In 1935, shortly after repeal, Mr. Tribuno organized Vermouth Industries of America, Inc., a predecessor of the present Vermouth Industries of America, Inc. This venture, because of a 50% reduction of import duties, became economically untenable and the company was liquidated in 1939. The present Vermouth Industries of America, Inc. was incorporated in October 7, 1940.

Mr. Tribuno spent his entire business lifetime in various phases of the wine business. He was an expert on all phases of grape growing and wine and vermouth manufacture. His expertness was well known and widely recognized in the trade.

Today approximately 37% of all vermouth consumed in this country is imported from Europe and the balance, approximately 63%, is of domestic manufacture. Prior to prohibition practically all vermouth was imported. Only 5% of the total consumption was then manufactured domestically and that principally in California for local consumption within the state. In the early post-prohibition period, domestic wineries attempted to produce and sell vermouth. However, they met with little success in competing with the imported product. For the first six years after prohibition the consumption of domestic produced vermouth was not in excess of 15% of the total consumption.
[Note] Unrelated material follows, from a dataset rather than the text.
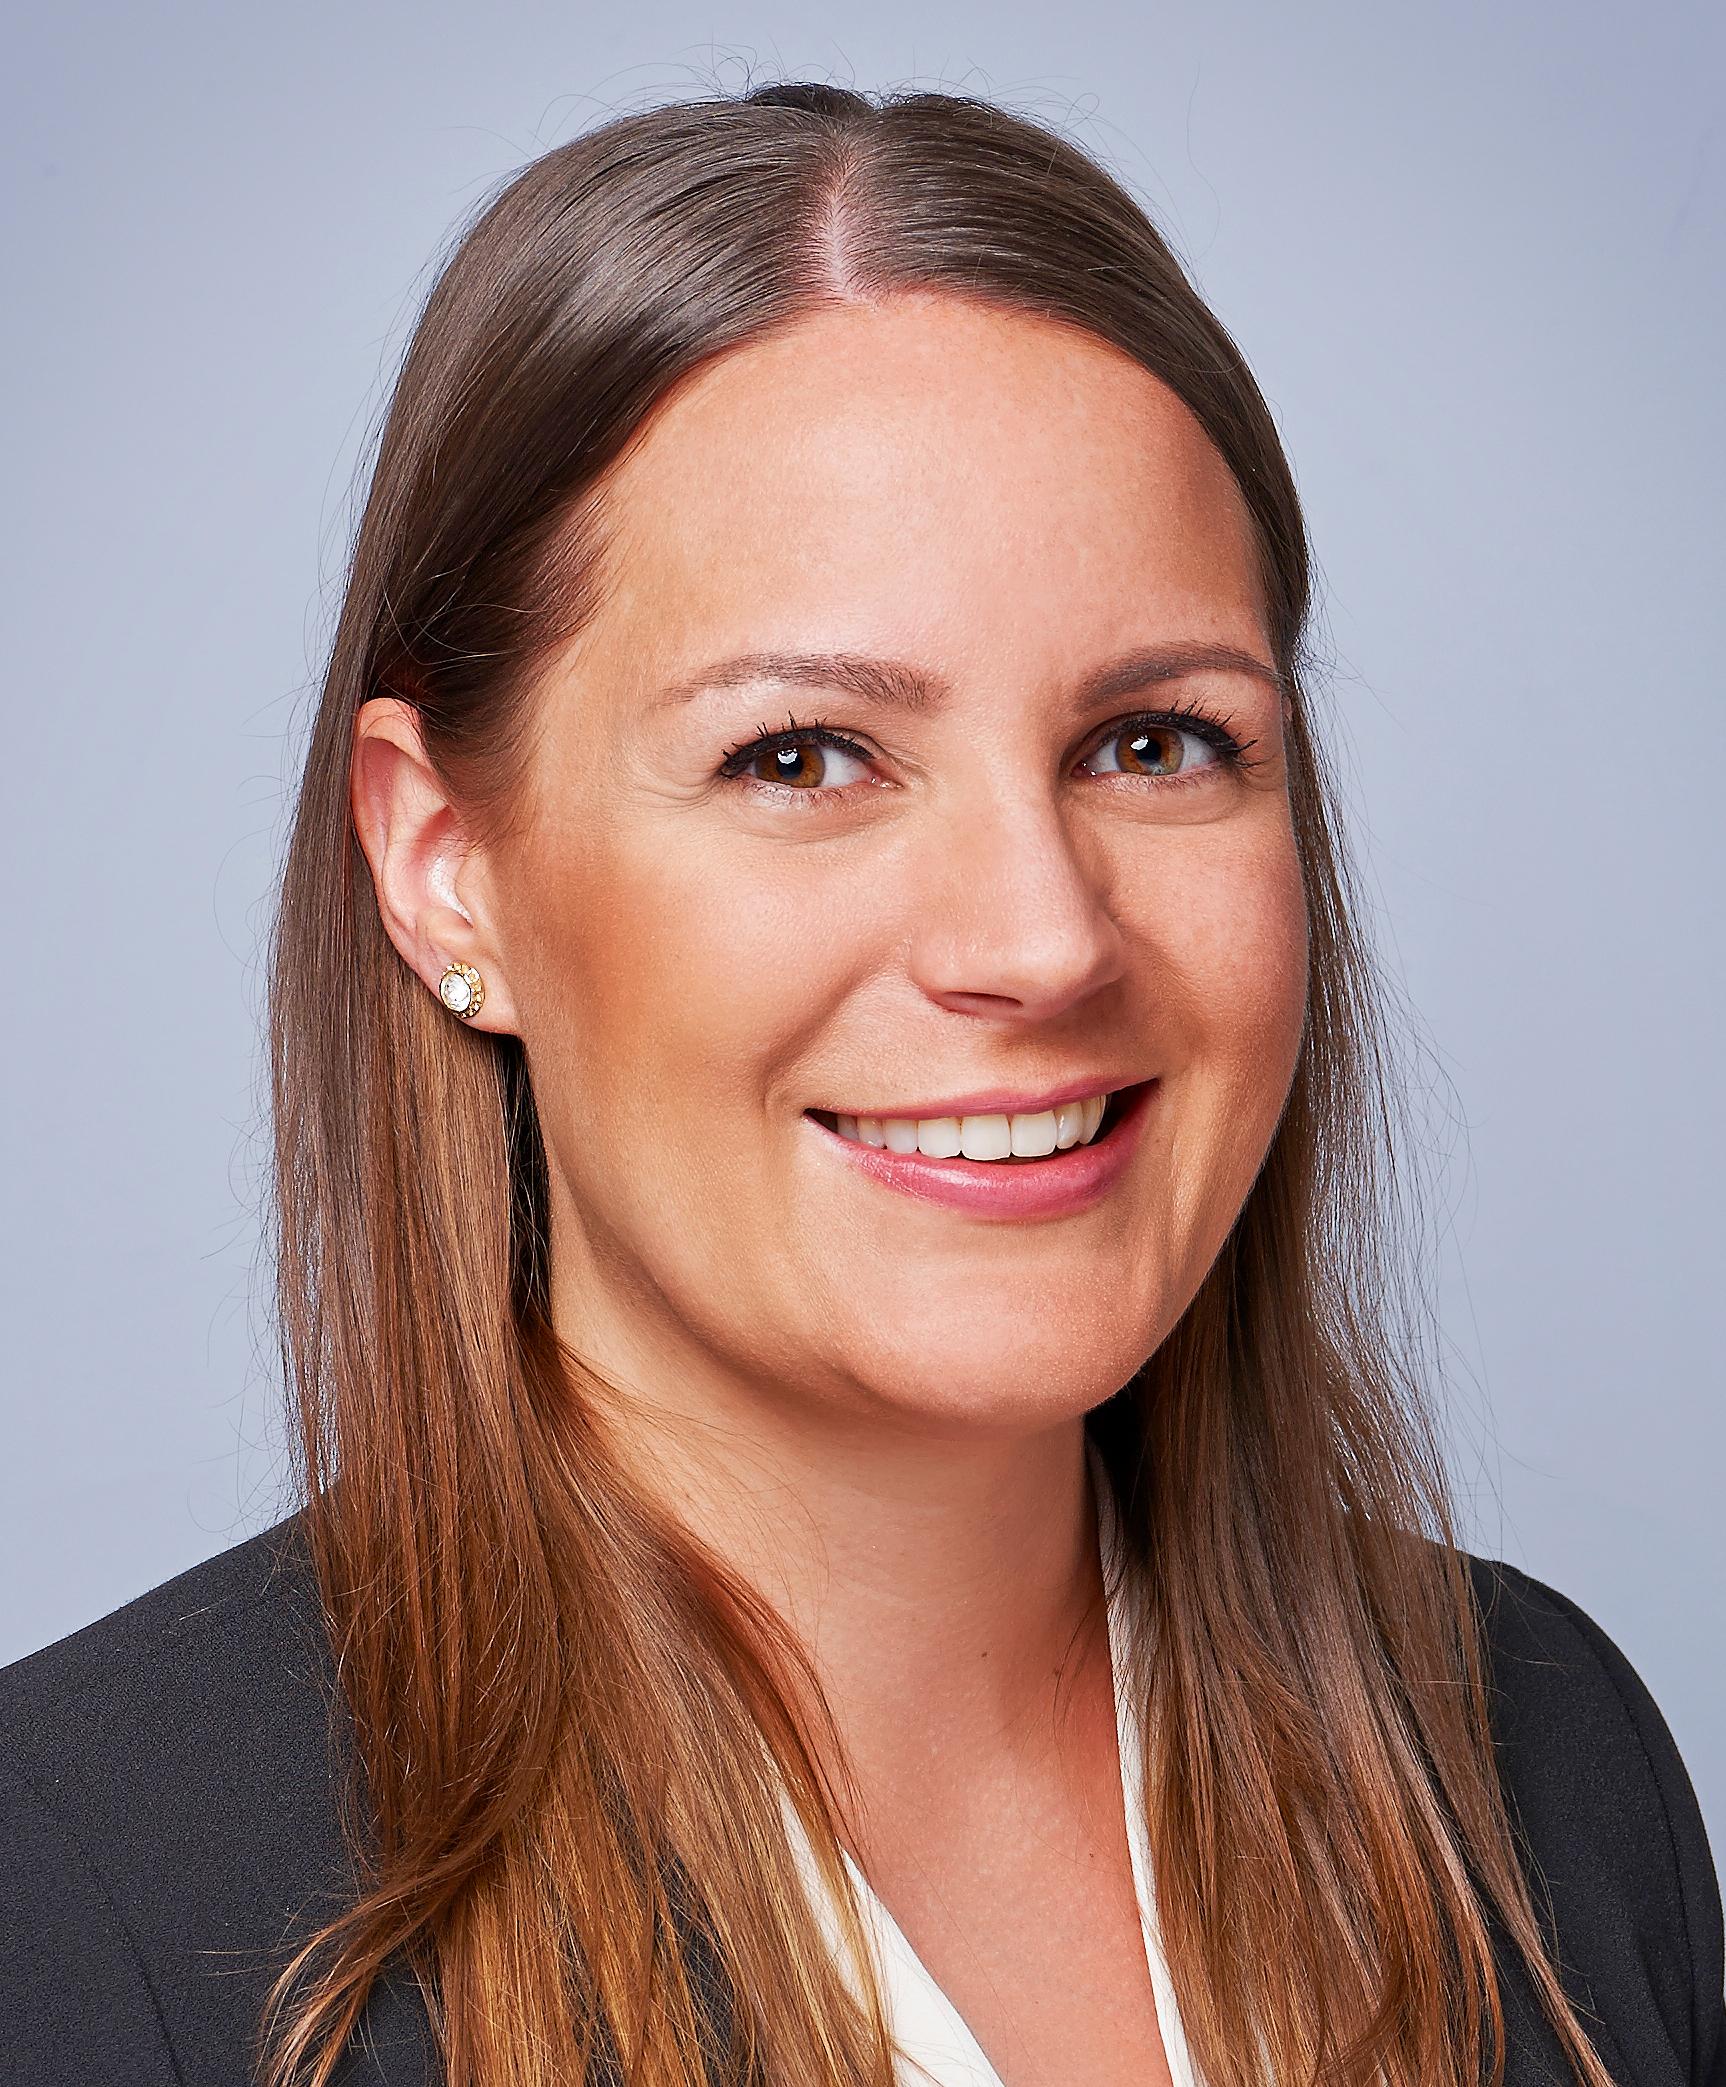 Karin Heim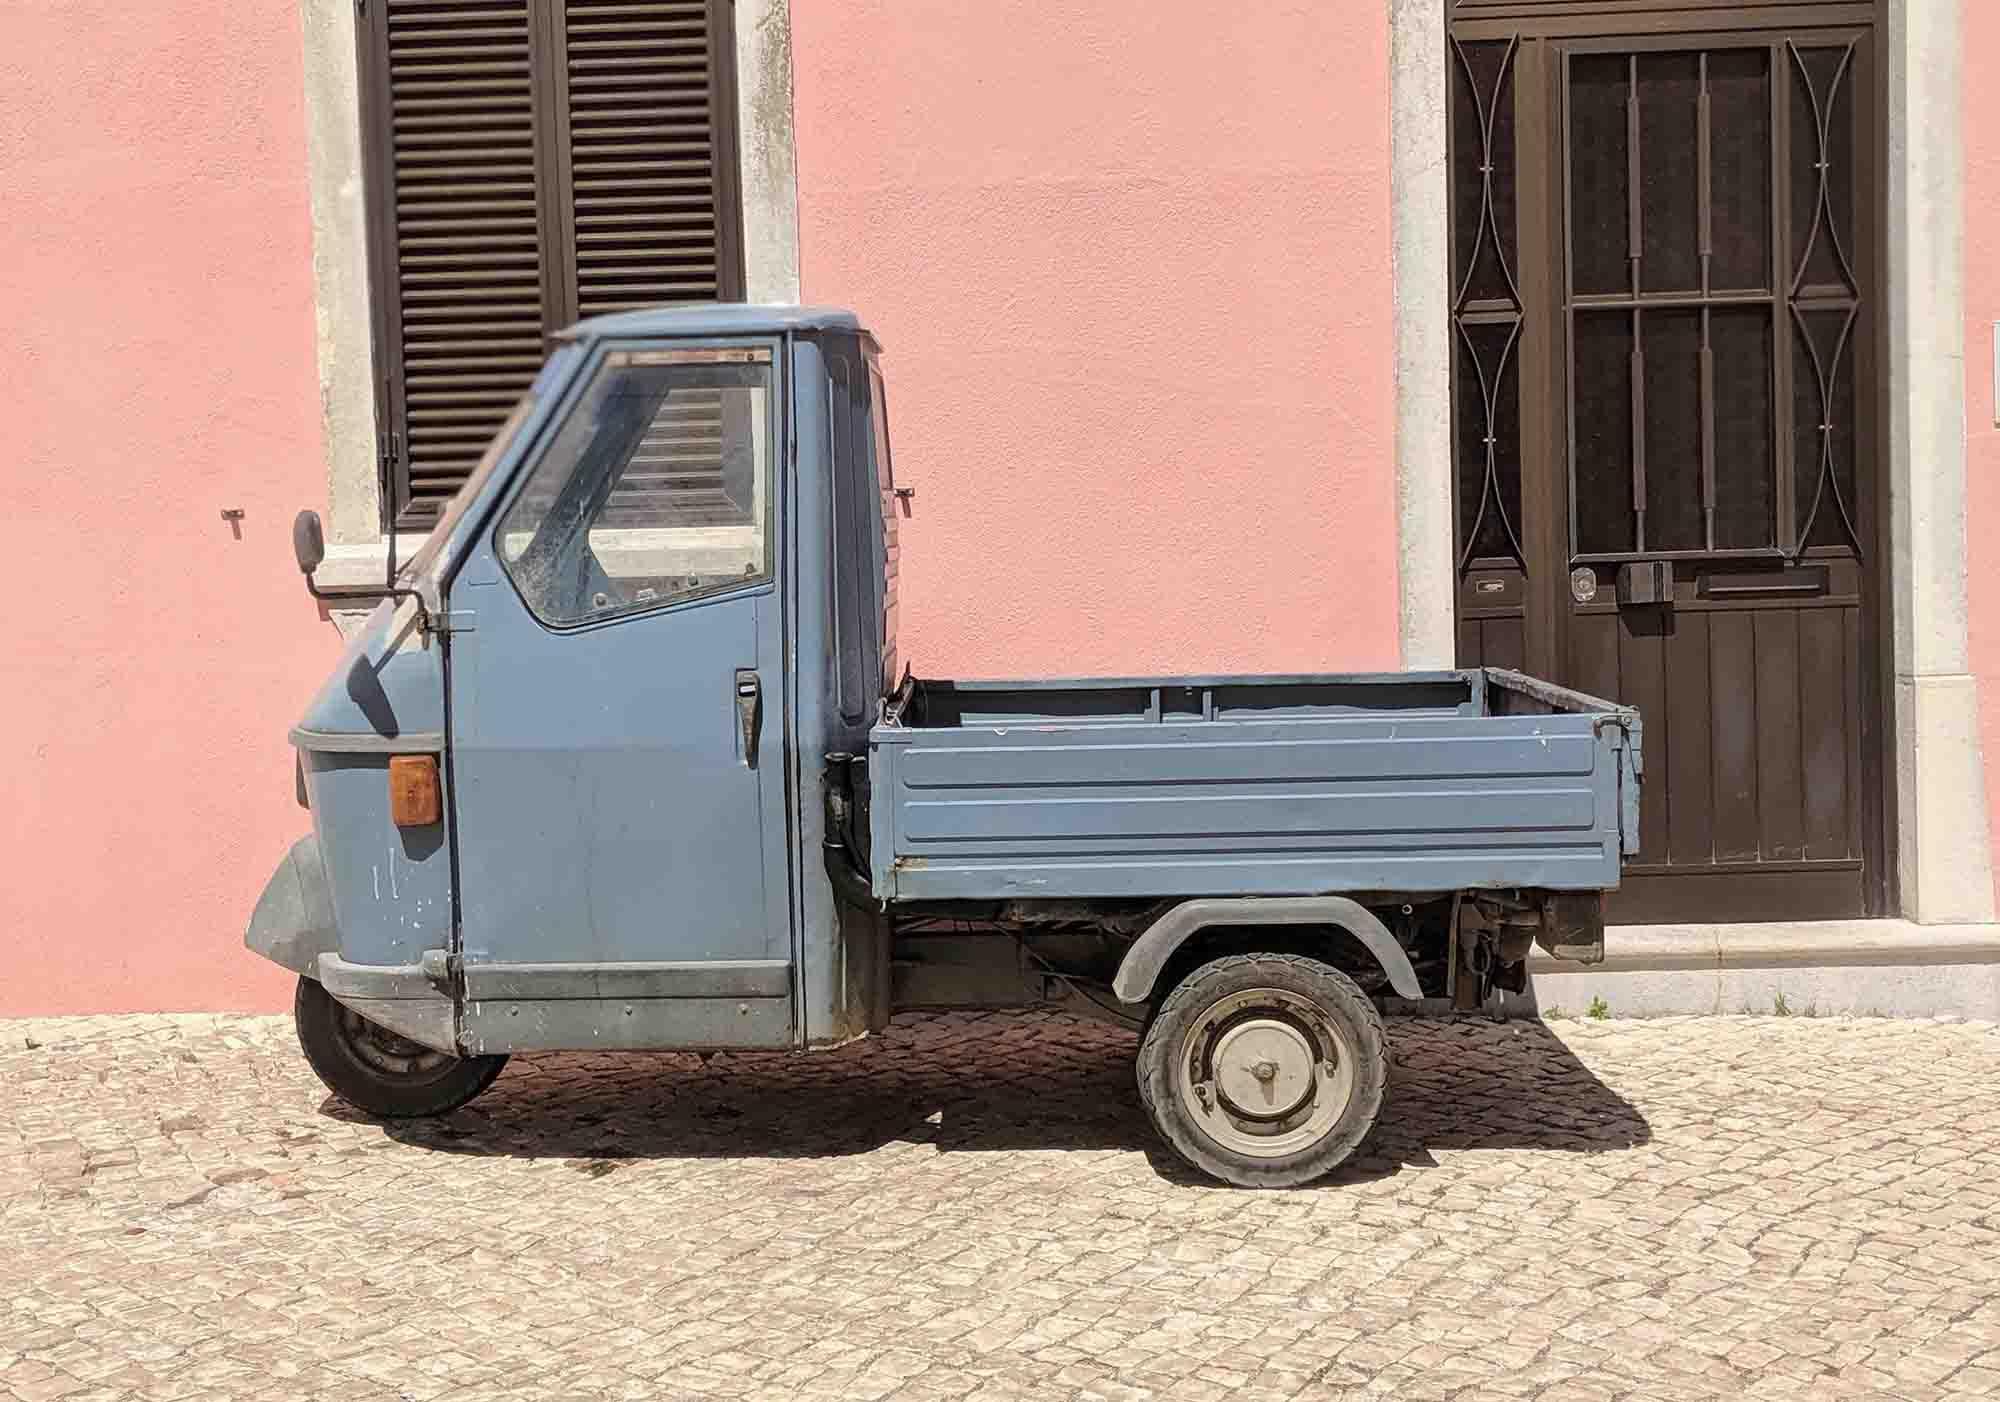 Portuguese 3 wheel vehicle

With the event of World War II, foreign imports gradually dried up, and in the course of time there were no importations of vermouth from Europe whatsoever. Several Italian companies during the war years did establish vermouth making plants in Argentina and succeeded in importing Argentine manufactured vermouth into the U.S. However, this vermouth was of poor quality and did not meet with public acceptance.

During the World War II years the manufacture of domestic vermouth was greatly expanded to meet the demand created by the lack of importations. After the conclusion of the war, foreign shippers again brought their merchandise into the United States markets. With respect to more recent trends, the available statistics indicate that the total vermouth market during the period from 1949 through 1955, increased 88.9% whereas the United States vermouth increased 53%  and foreign vermouth increased 106.4% During this period the United States vermouth declined from 70% to 63% of the total market. The statistics reveal that a definite shift in favor of foreign vermouths is taking place.

At the present time hearings are pending before the United States Tariff Commission with regard to the reduction of duties on imported vermouths. The domestic vermouth industry is opposing such reduction. The outcome at this point is uncertain. However, any reduction that may be made in the present duties will result in immediate unfavorable financial consequences to the domestic vermouth industry and could possibly recreate the economic situation that led to the dissolution of the predecessor Vermouth Industries of America, Inc. in 1939.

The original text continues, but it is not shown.